Hasta nunca
El insustituible Billy Wilder, alguien que con milagrosa frecuencia logró que los espectadores palpáramos el cielo, estaba convencido de la imposibilidad de que saliera una buena película de un mal guión. Consecuentemente, sólo o en compañía de otros (escritores de alimenticio y accidentado paso por su detestado Hollywood, como Raymond Chandler, o guionistas puros y duros, como Charles Brackett e I. A. L. Diamond, gente cuyo arte está más allá del elogio), se inventó, construyó y pulió historias en las que no faltaba ni sobraba nada. Pero también cuenta la leyenda de un juglar llamado John Ford que ante los nervios de los productores porque un rodaje iba muy lento arrancó al azar cien páginas del guión mientras mascullaba: "Se acabó el problema, ahora iremos rápido".

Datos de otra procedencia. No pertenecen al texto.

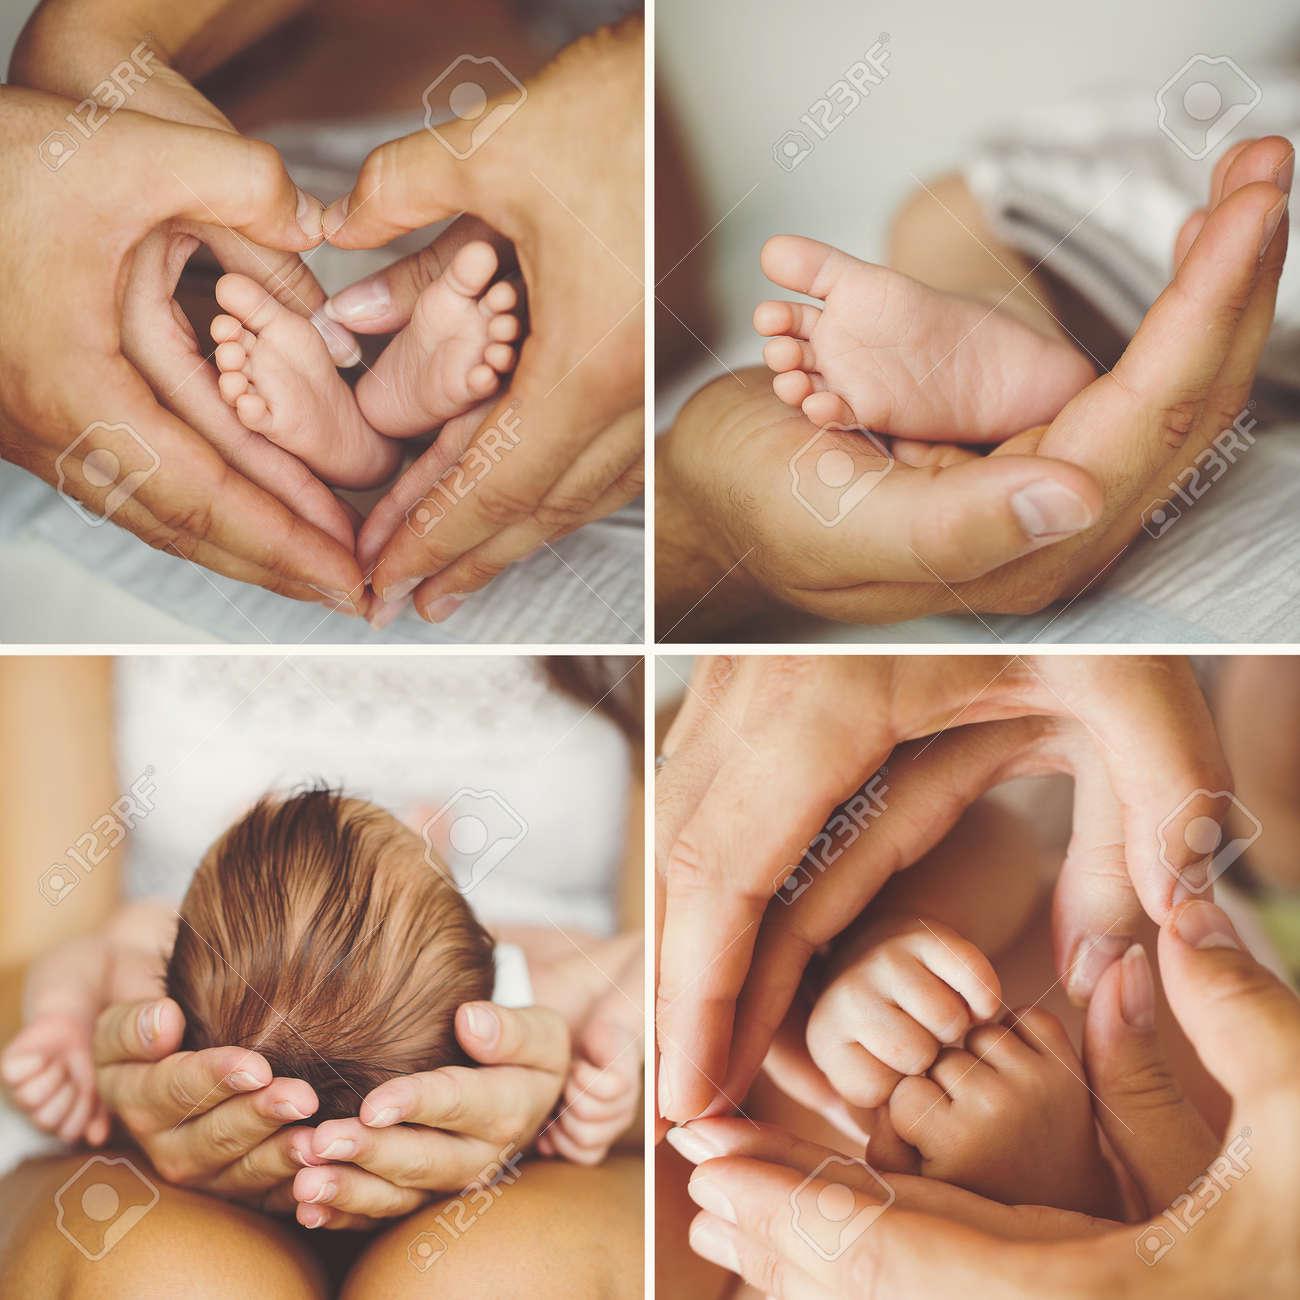 Сын делает массаж матери блондинке 27 фотография
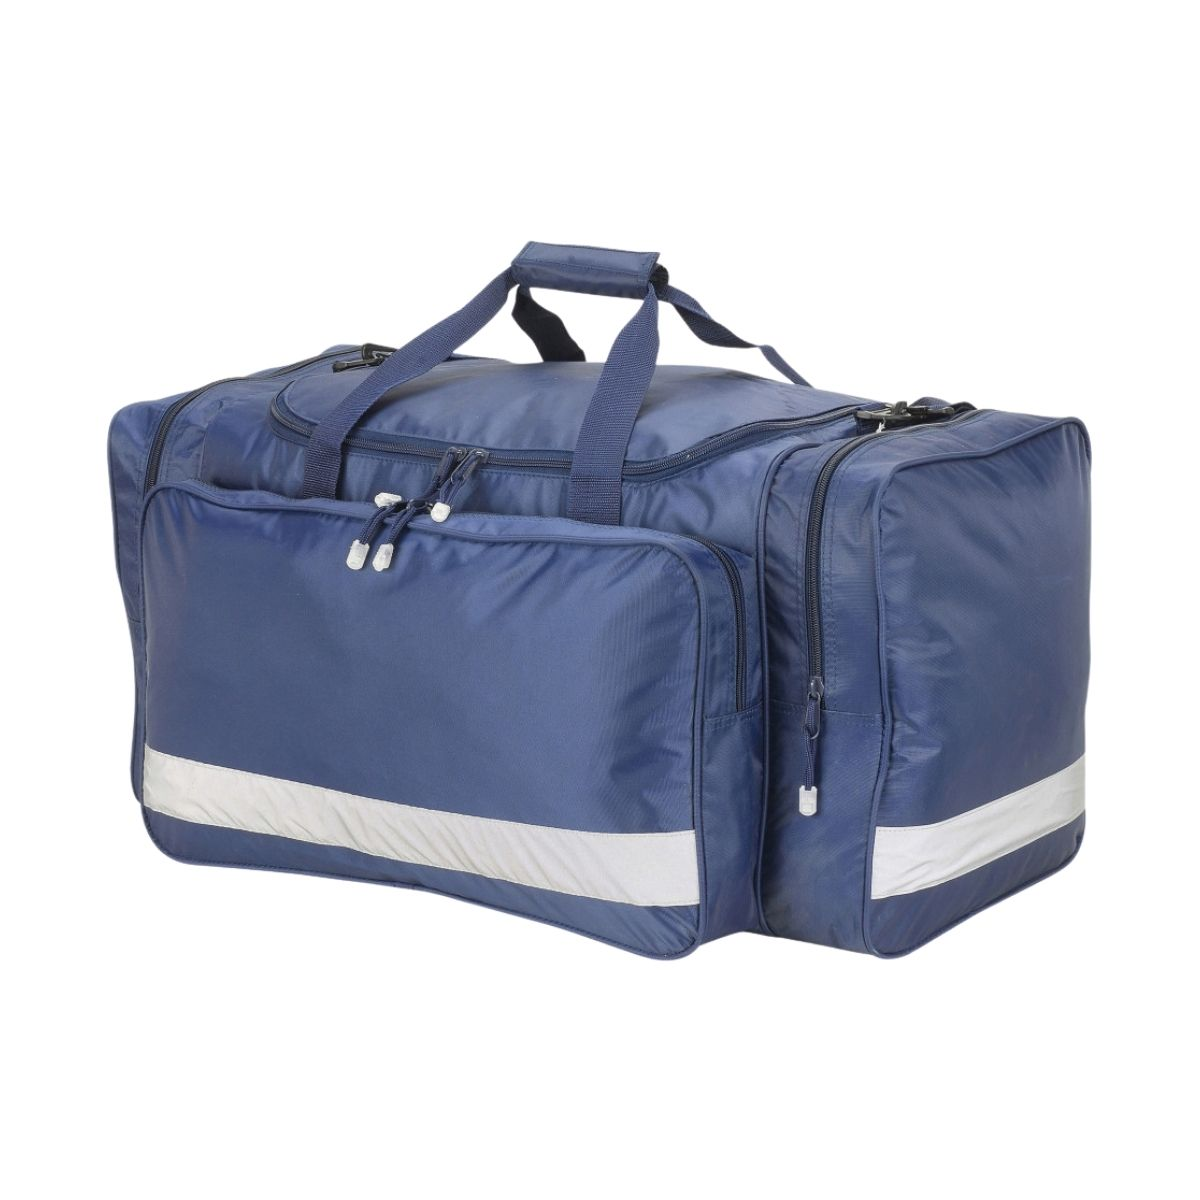 DK1879 Glasgow Jumbo Navy Kit Bag 75L (Large)

Se supone que a los profesionales de material tan laborioso les obsesionan muchas cosas, pero ante todo la forma de rematar su historia, de encontrar un final con sentido, a la altura de lo que han pretendido desarrollar. Wilder era un maestro en ello, como evidencian los inmejorables cierres de Perdición, El crepúsculo de los dioses, Con faldas y a lo loco y El apartamento.
Soy de los que se mosquearon cantidad en la despedida de mis amados Los Soprano con el fundido en negro y el facilón recurso de que la vida sigue igual. Siete temporadas desplegando complejidad y talento exigían un broche de oro, una clausura comparable a la de Casablanca.
Por el contrario, es imposible que me decepcione algo que me da igual. Por ejemplo: Los Serrano. A pesar de ello, alucino de bochorno con el adiós de familia tan amada por el pueblo llano. Éste es de buen conformar, pero hasta el guionista más cochambroso sabe que no le puedes contar al personal que todo había sido un sueño. Tantos años de amor popular no se merecían un desenlace tan bobo.